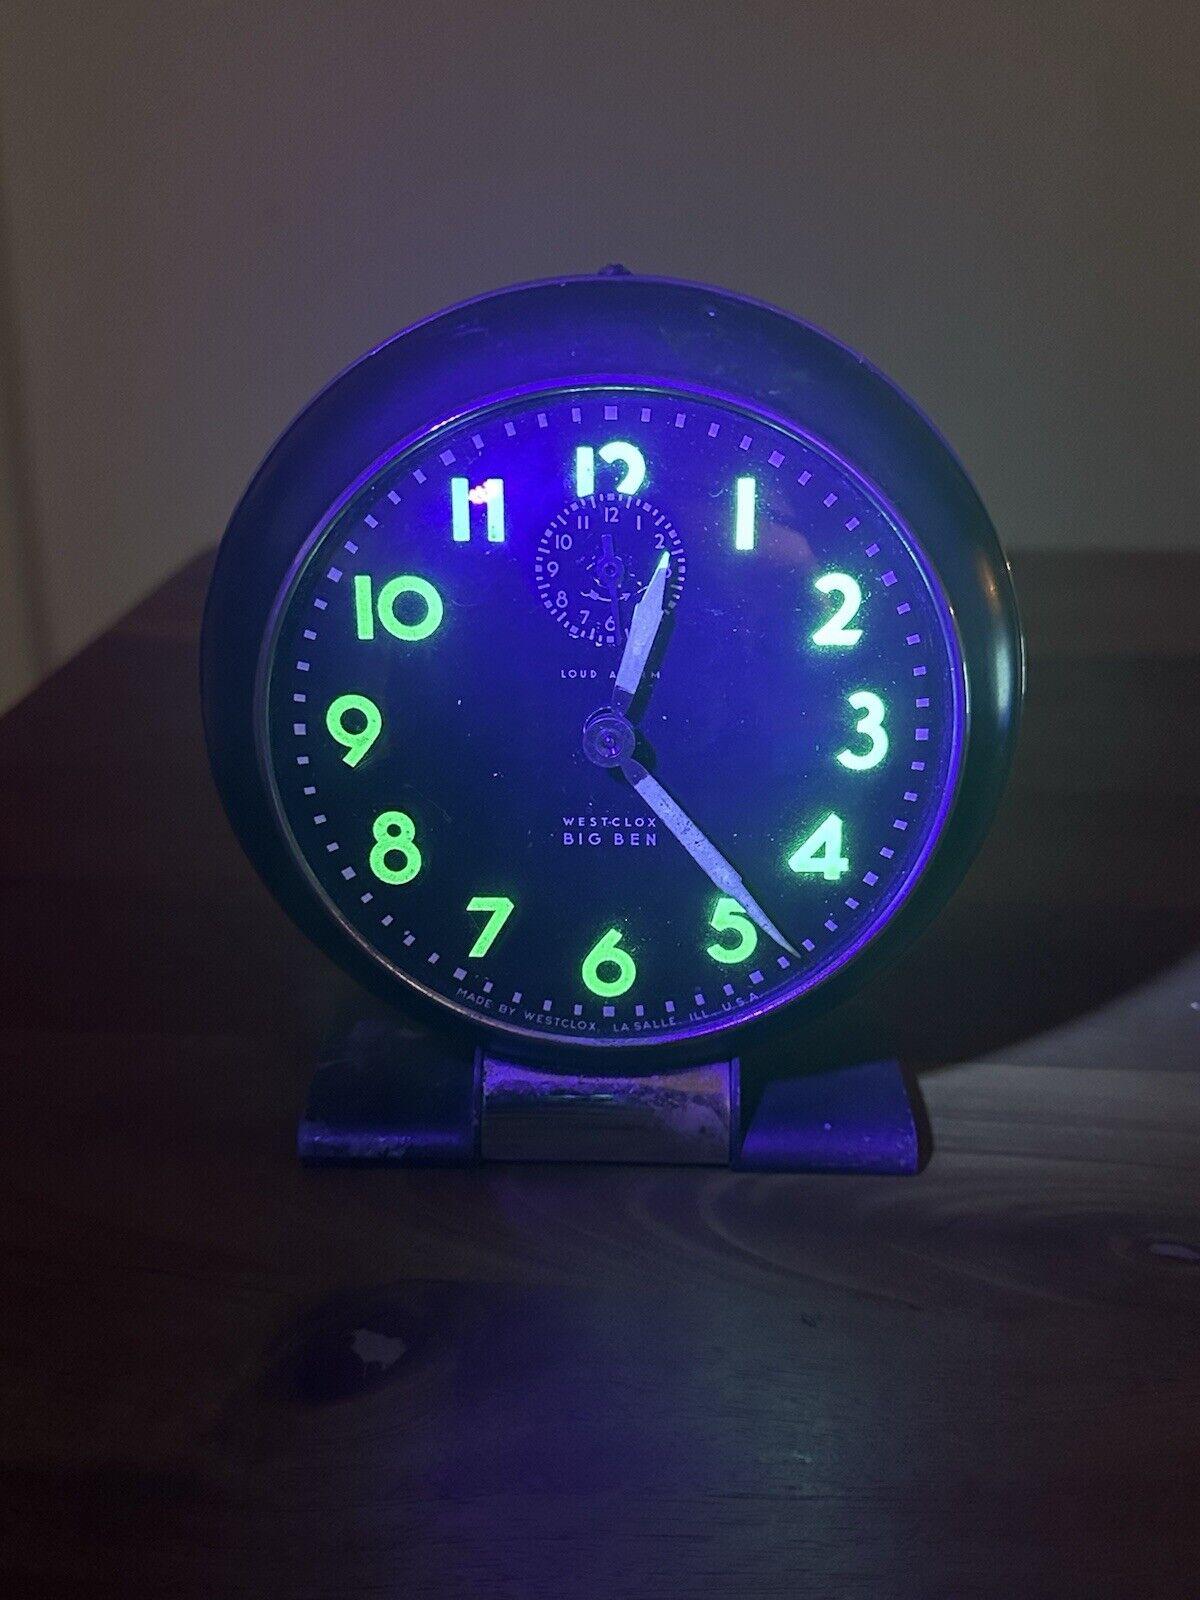 Westclox Big Ben Uranium Alarm Clock
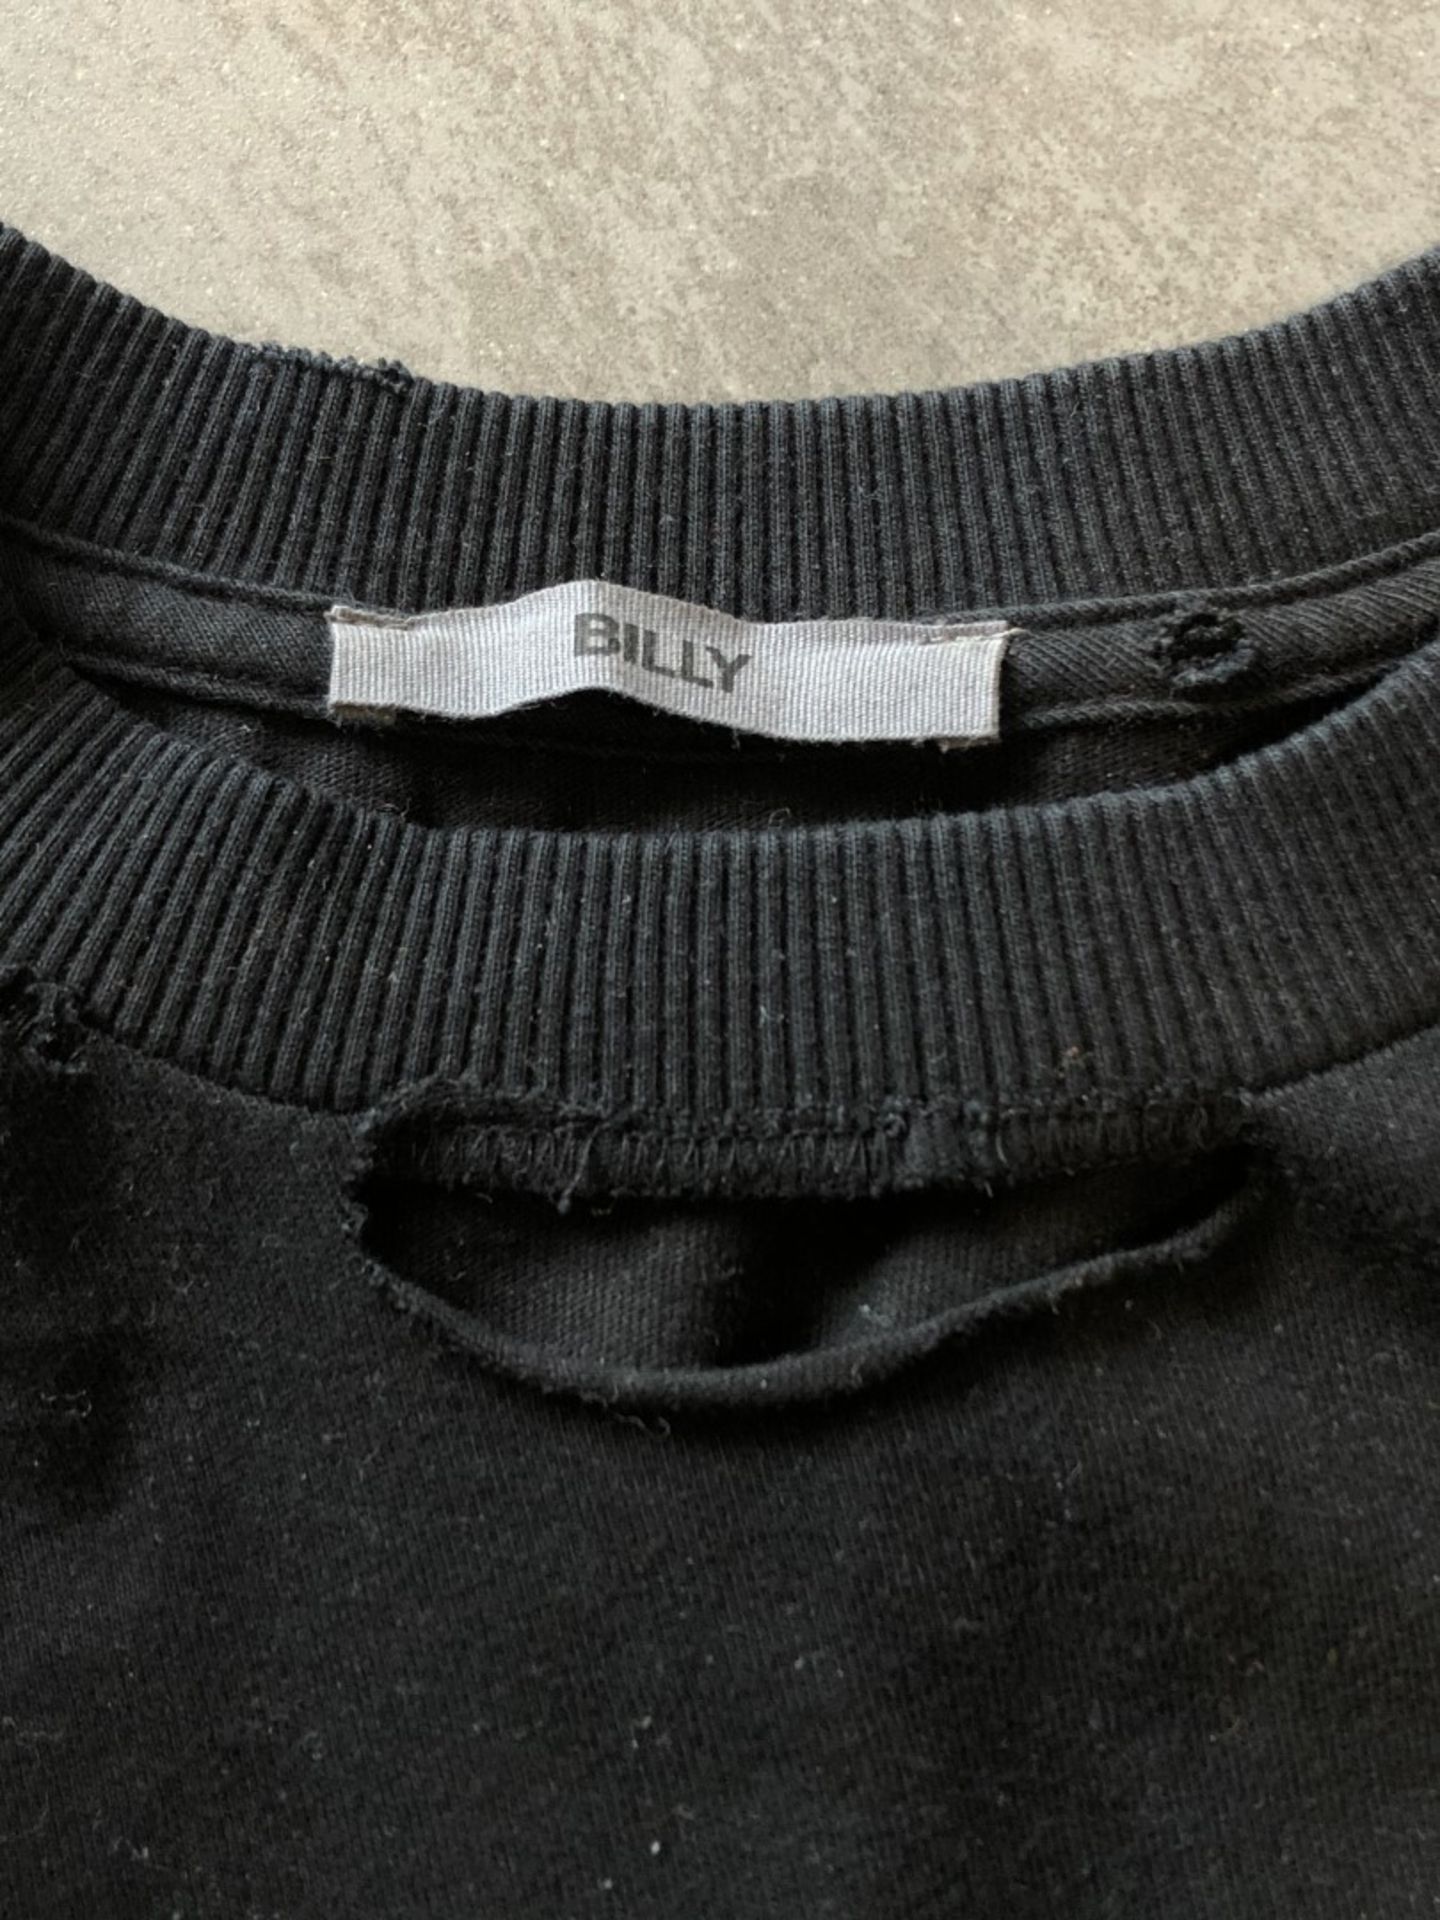 1 x Men's Genuine Billy Designer Distressed T-Shirt In Black "Billy" - SIZE: LARGE - Image 2 of 8
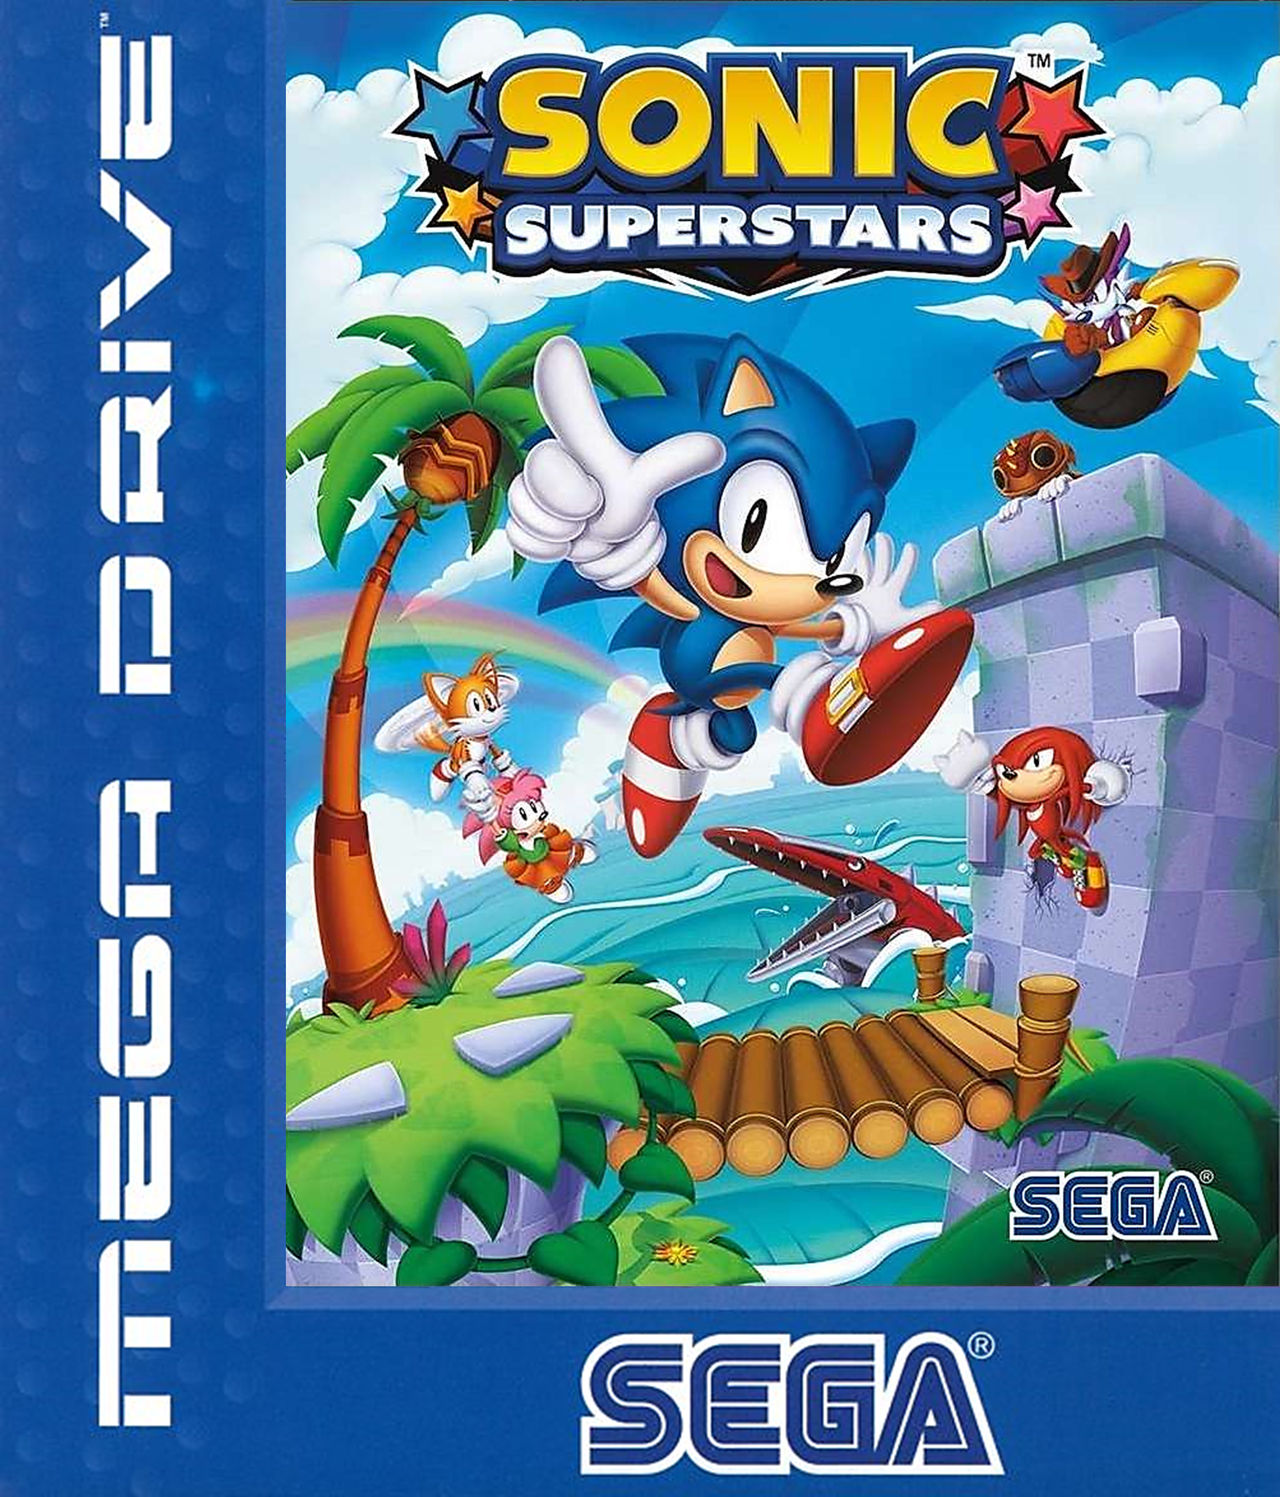 Sonic Superstars SEGA Mega Drive PAL Cover by gikesmanners1995 on DeviantArt

▶ [Problem details]
Leave the images aside and retype each line of the listing above exactly.

▶ [Finished exercise]
 Westclox Big Ben Uranium Alarm Clock
 1 x Men's Genuine Billy Designer Distressed T-Shirt In Black "Billy" - SIZE: LARGE - Image 2 of 8
 Sonic Superstars SEGA Mega Drive PAL Cover by gikesmanners1995 on DeviantArt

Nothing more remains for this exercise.